Yikes! Meet the Asian longhorned tick
Jan. 11, 2019—A tick that normally lives on the other side of the globe has made it to the U.S. And public health experts say it's potentially dangerous.
The Asian longhorned tick was first discovered in the U.S. on a New Jersey sheep in 2017. It has since spread to Connecticut, Maryland, North Carolina, New York, Pennsylvania, Virginia, West Virginia and even farther west, to Arkansas. The tick has also been found in other domestic animals besides sheep, as well as in various types of wildlife and in two people.
So far, no harmful germs have been found in Asian longhorned ticks that have been collected in the U.S. And no people or animals have gotten sick as a result of being bitten by this new tick. But experts with the Centers for Disease Control and Prevention (CDC) and other agencies are looking into that possible threat.
And with good reason: In other countries where the Asian longhorned tick exists—China and Japan, for instance—its bite has spread diseases such as hemorrhagic fever and Japanese spotted fever.

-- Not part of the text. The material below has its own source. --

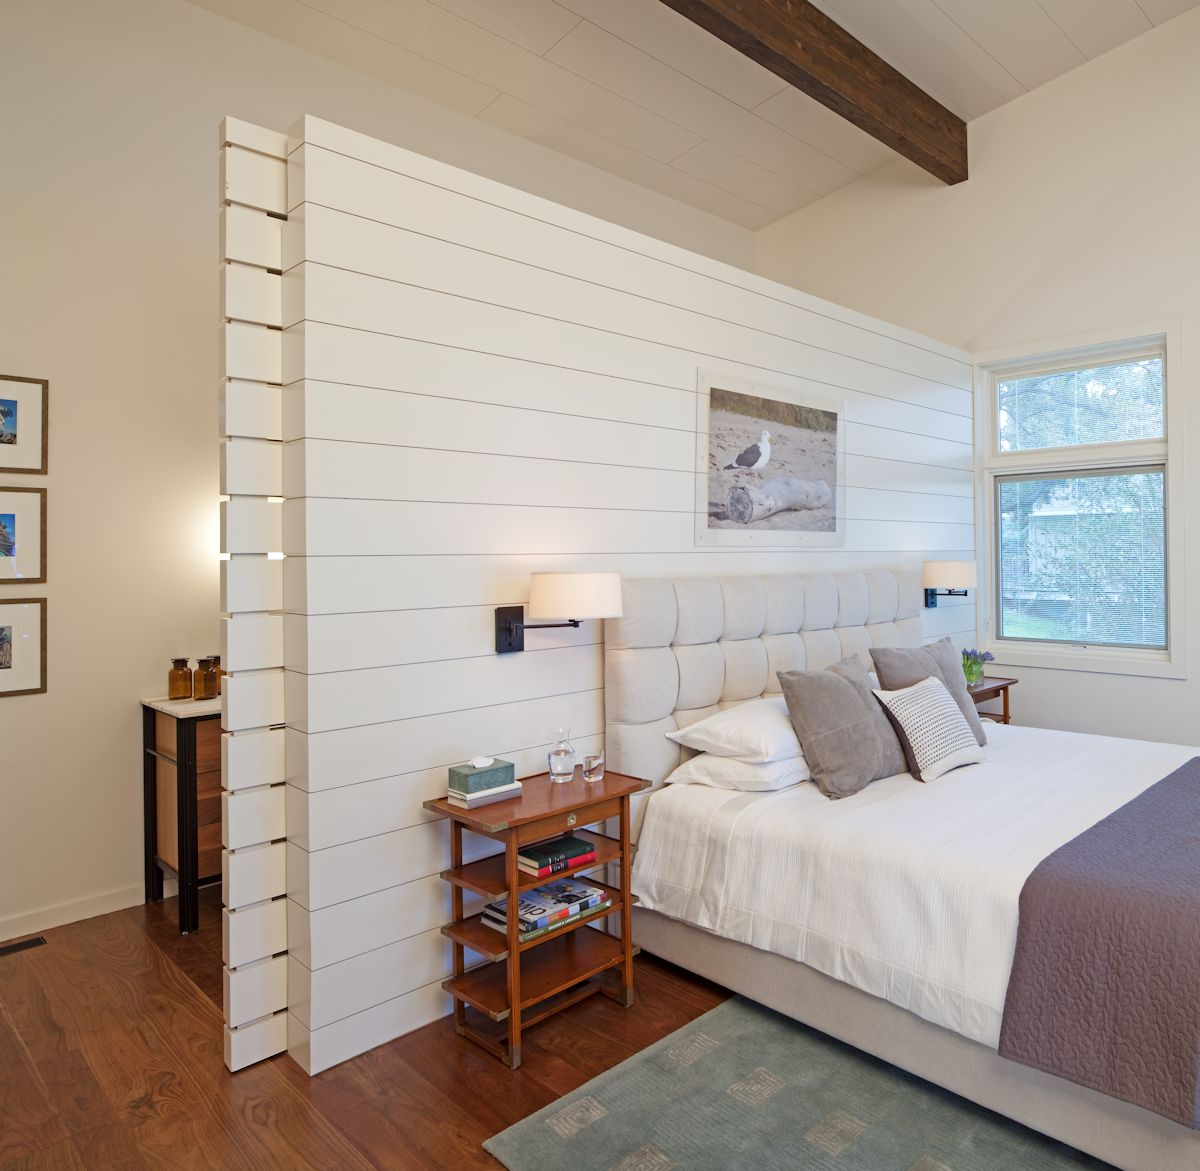 Bedroom, Bathroom, Weekend Retreat in Marble Falls, Texas

What's more, female Asian longhorned ticks can reproduce without mating, which may allow it to quickly spread in new places.

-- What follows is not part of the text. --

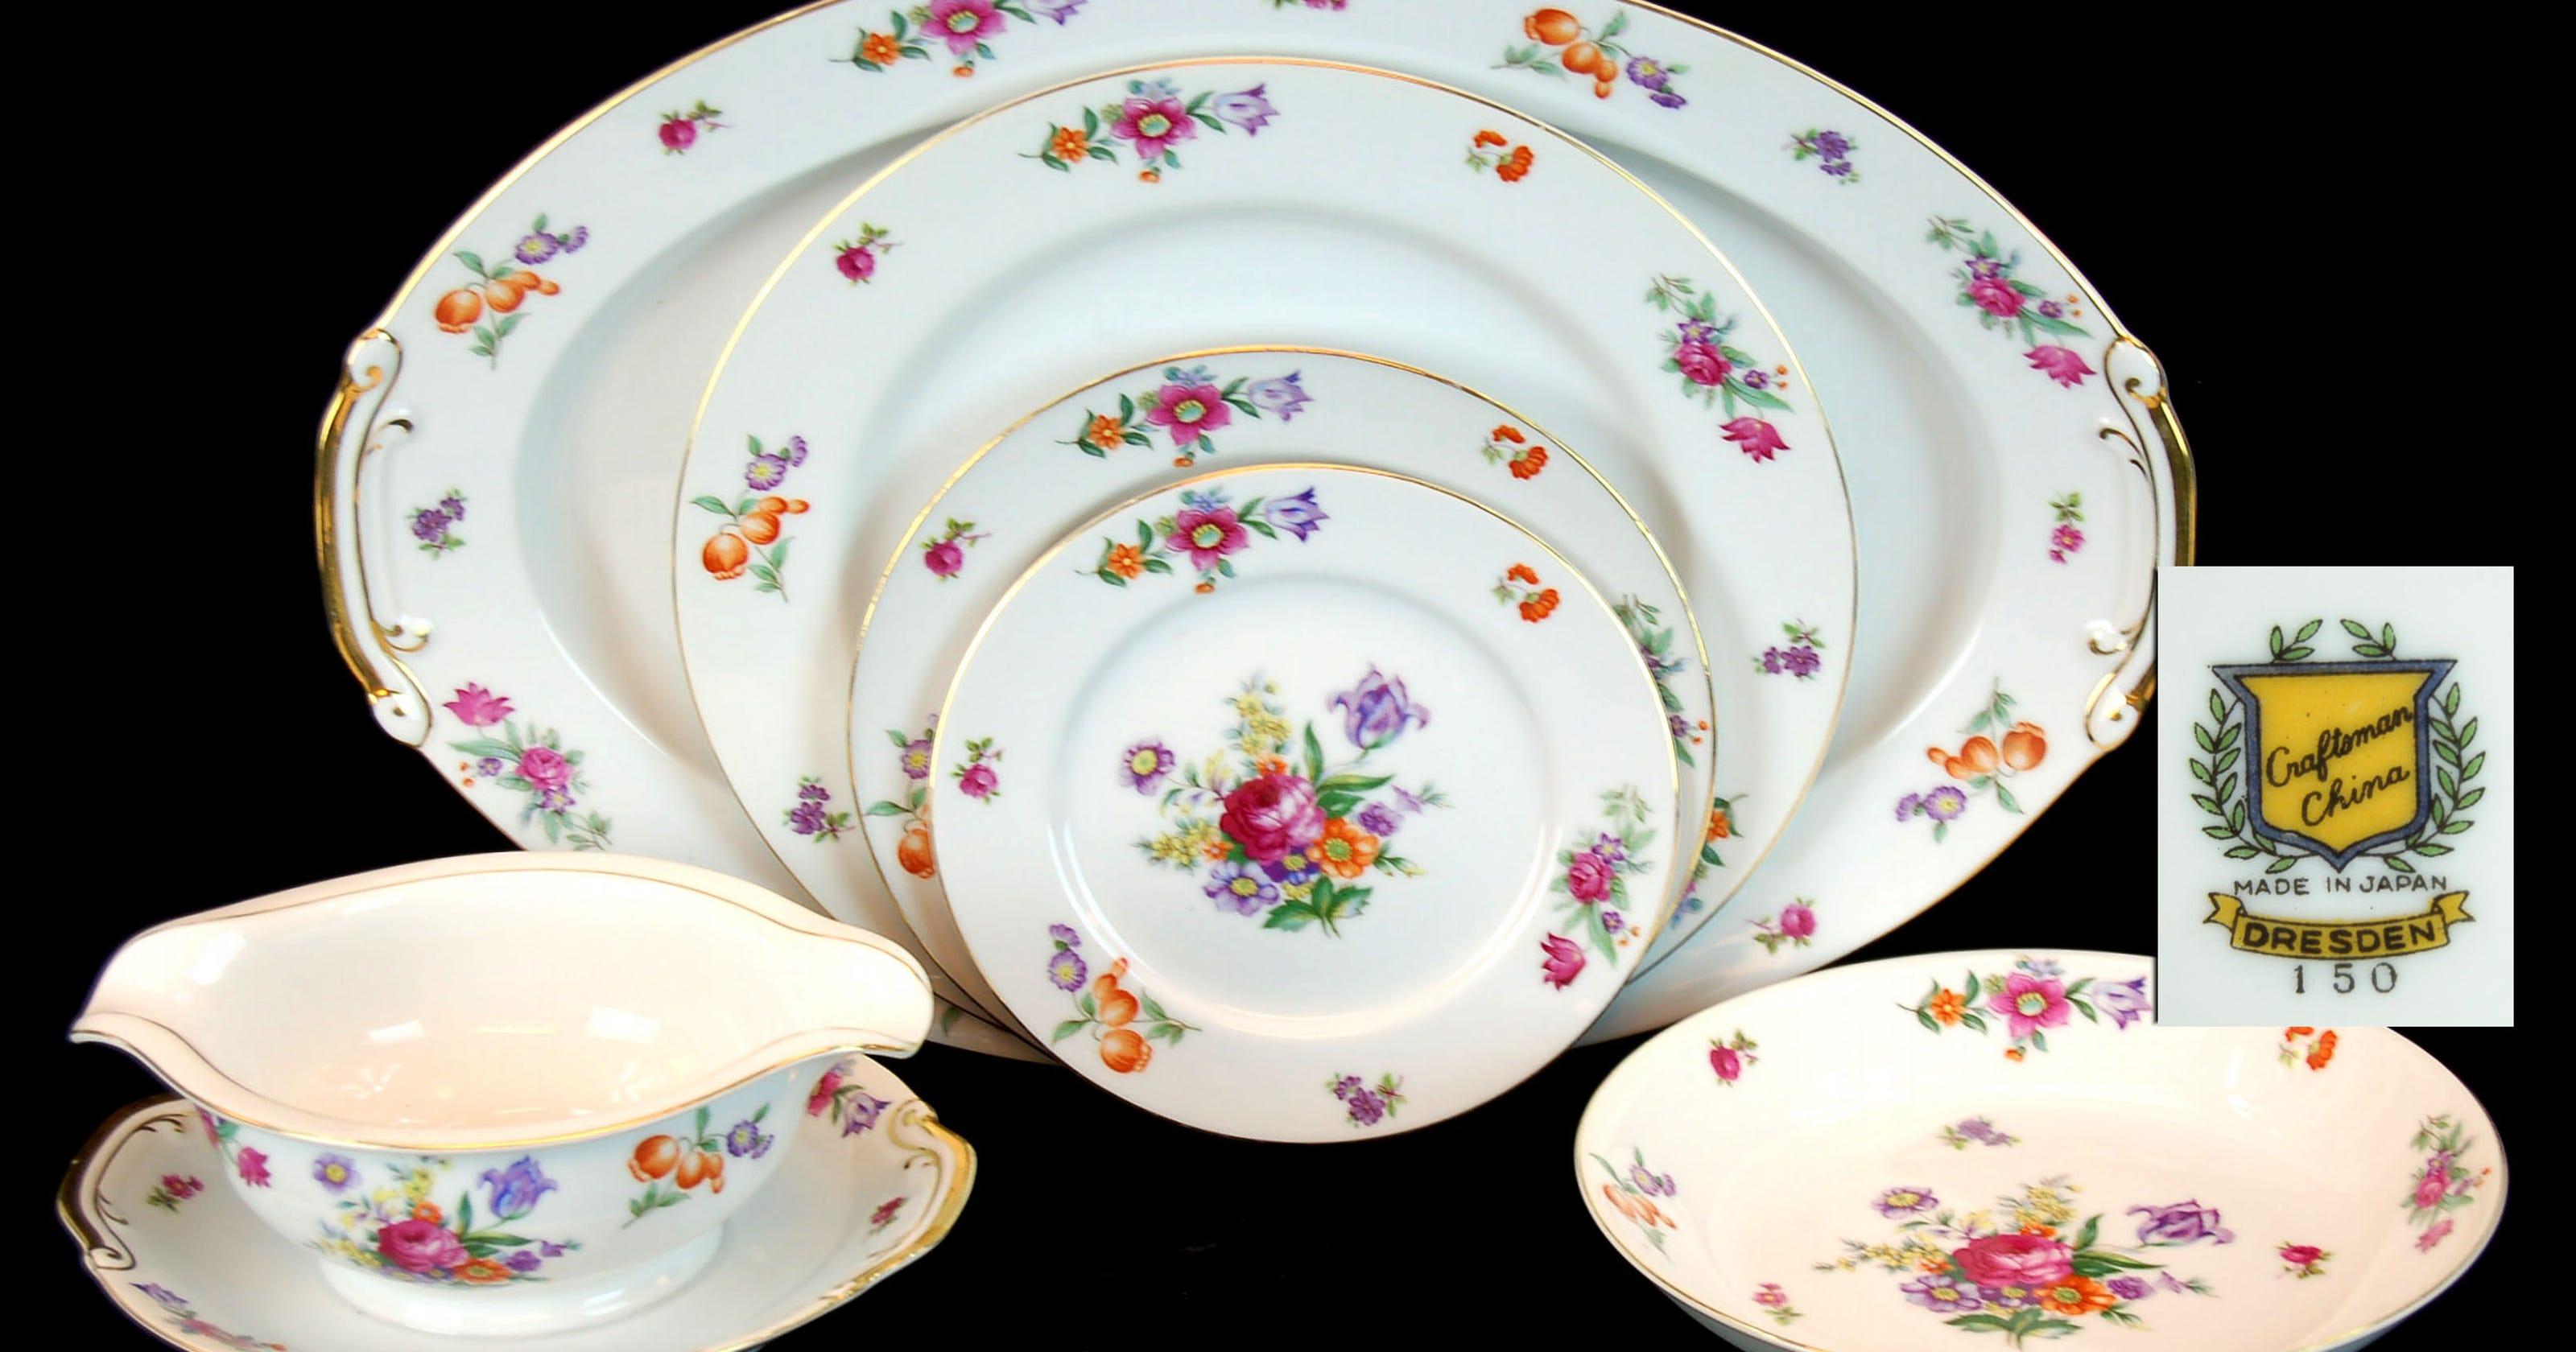 Collectors: Should you hang on to mom's china set?

Despite concerns, it's not yet clear if the new tick will pose a major problem in the U.S. That's what officials are investigating. They want to know, for instance, what kinds of germs it may harbor in the U.S. and how often it bites animals and people.

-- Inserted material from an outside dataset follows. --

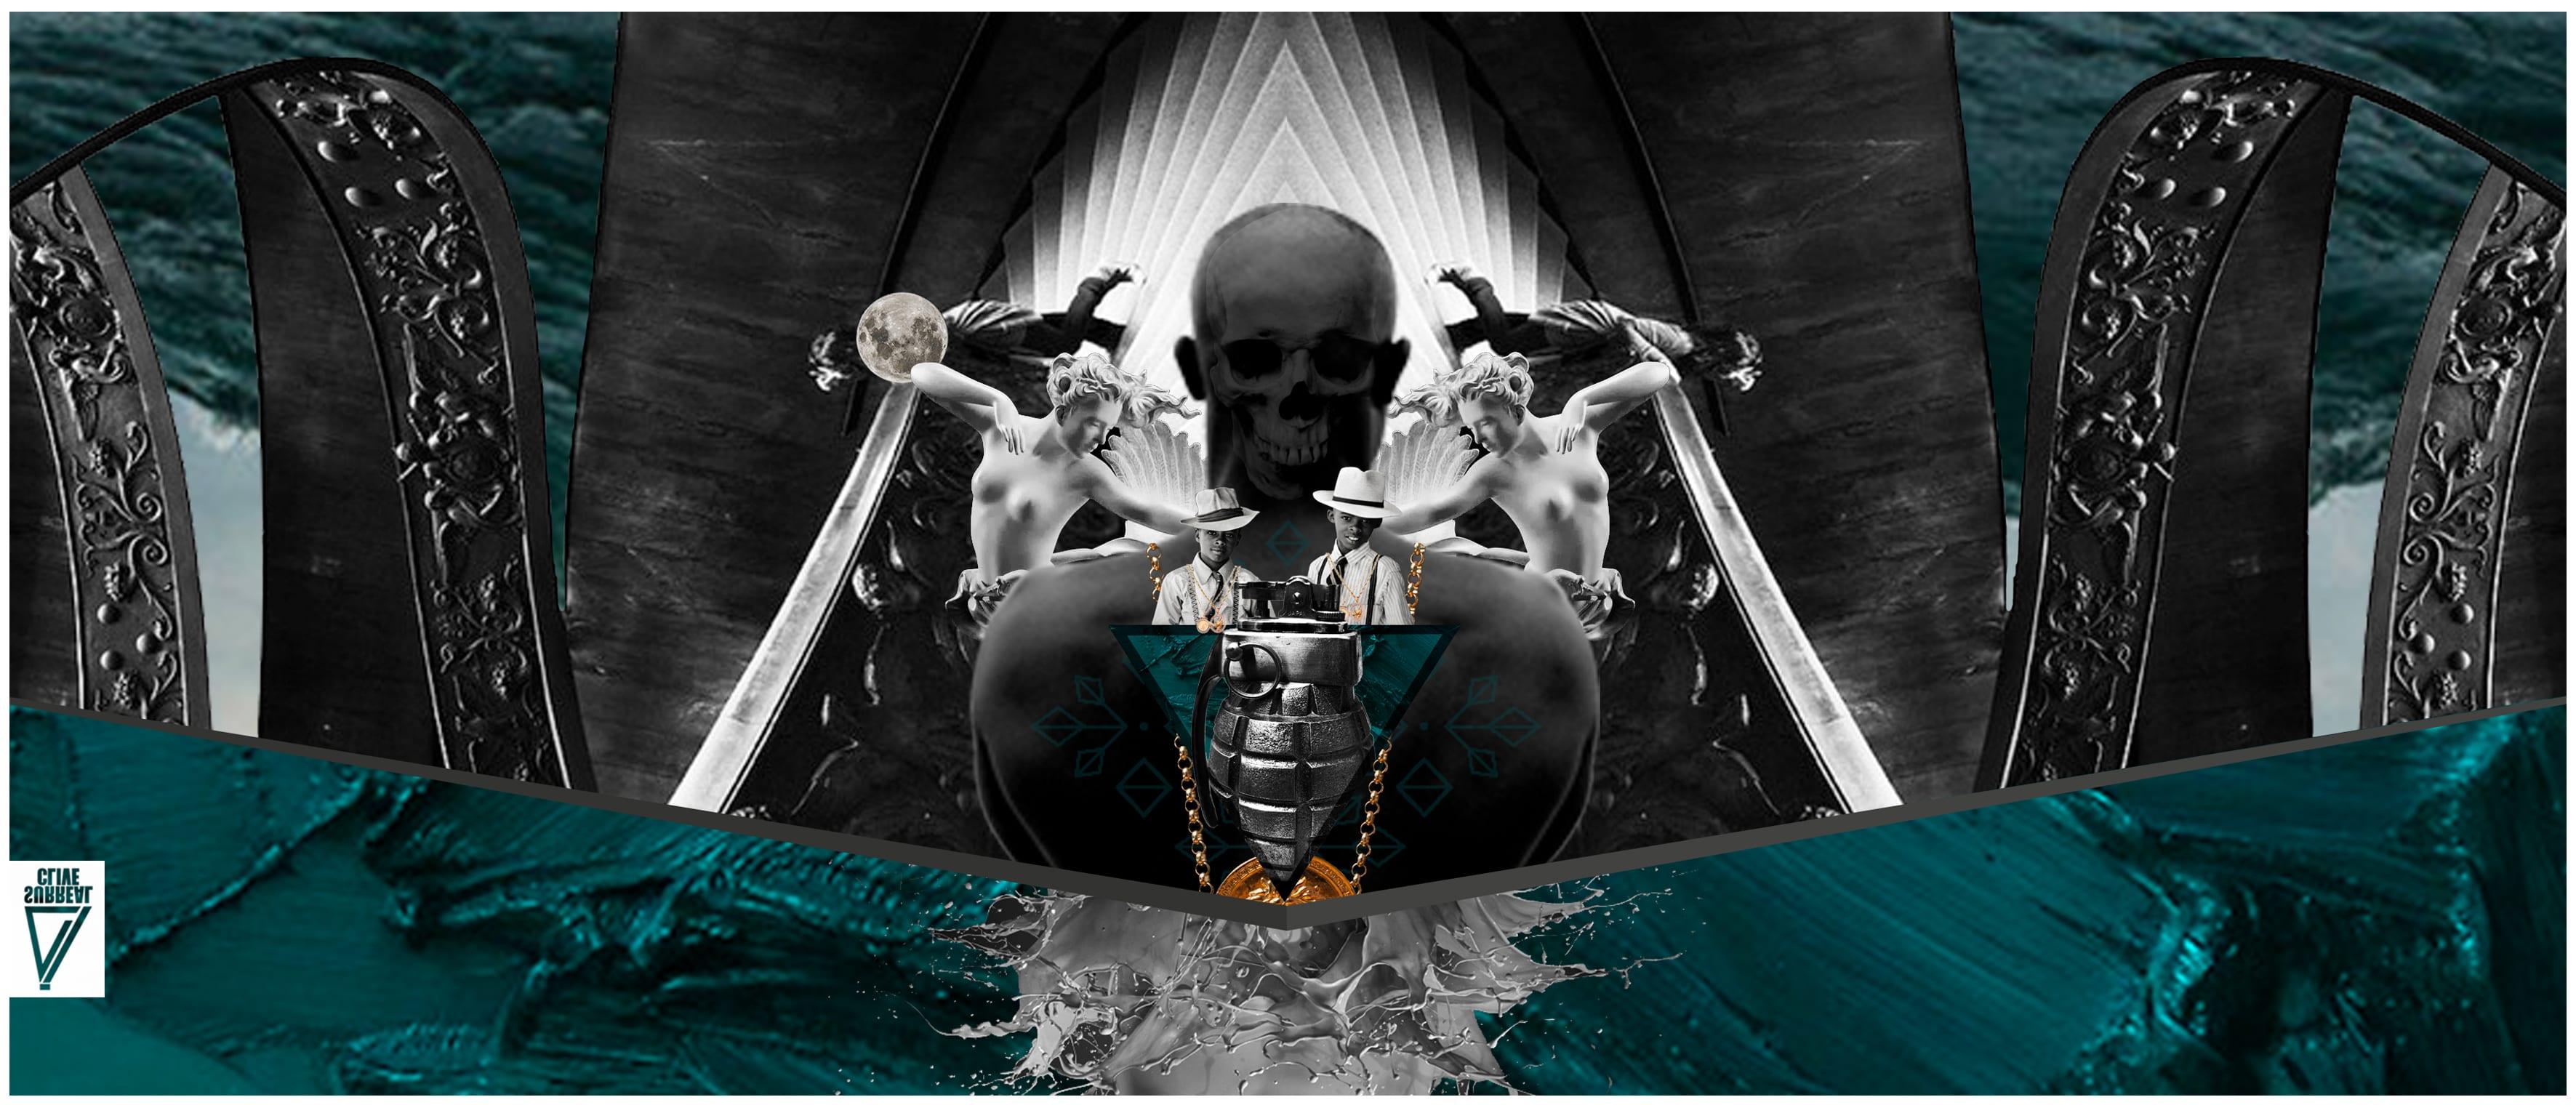 Parallel Psyche © Clivert Thibela

The tick doesn't just pose a possible threat to people. In some regions where the tick has spread, it has caused dairy cattle to produce less milk.
Meanwhile, researchers in the U.S. are actively looking for the Asian longhorned tick to see where it might show up next. If you find any tick on yourself or on a pet or other animal, CDC says you should immediately remove it. The tick can be saved in rubbing alcohol in a jar or a freezer bag and taken to a health department or other local agency for identification.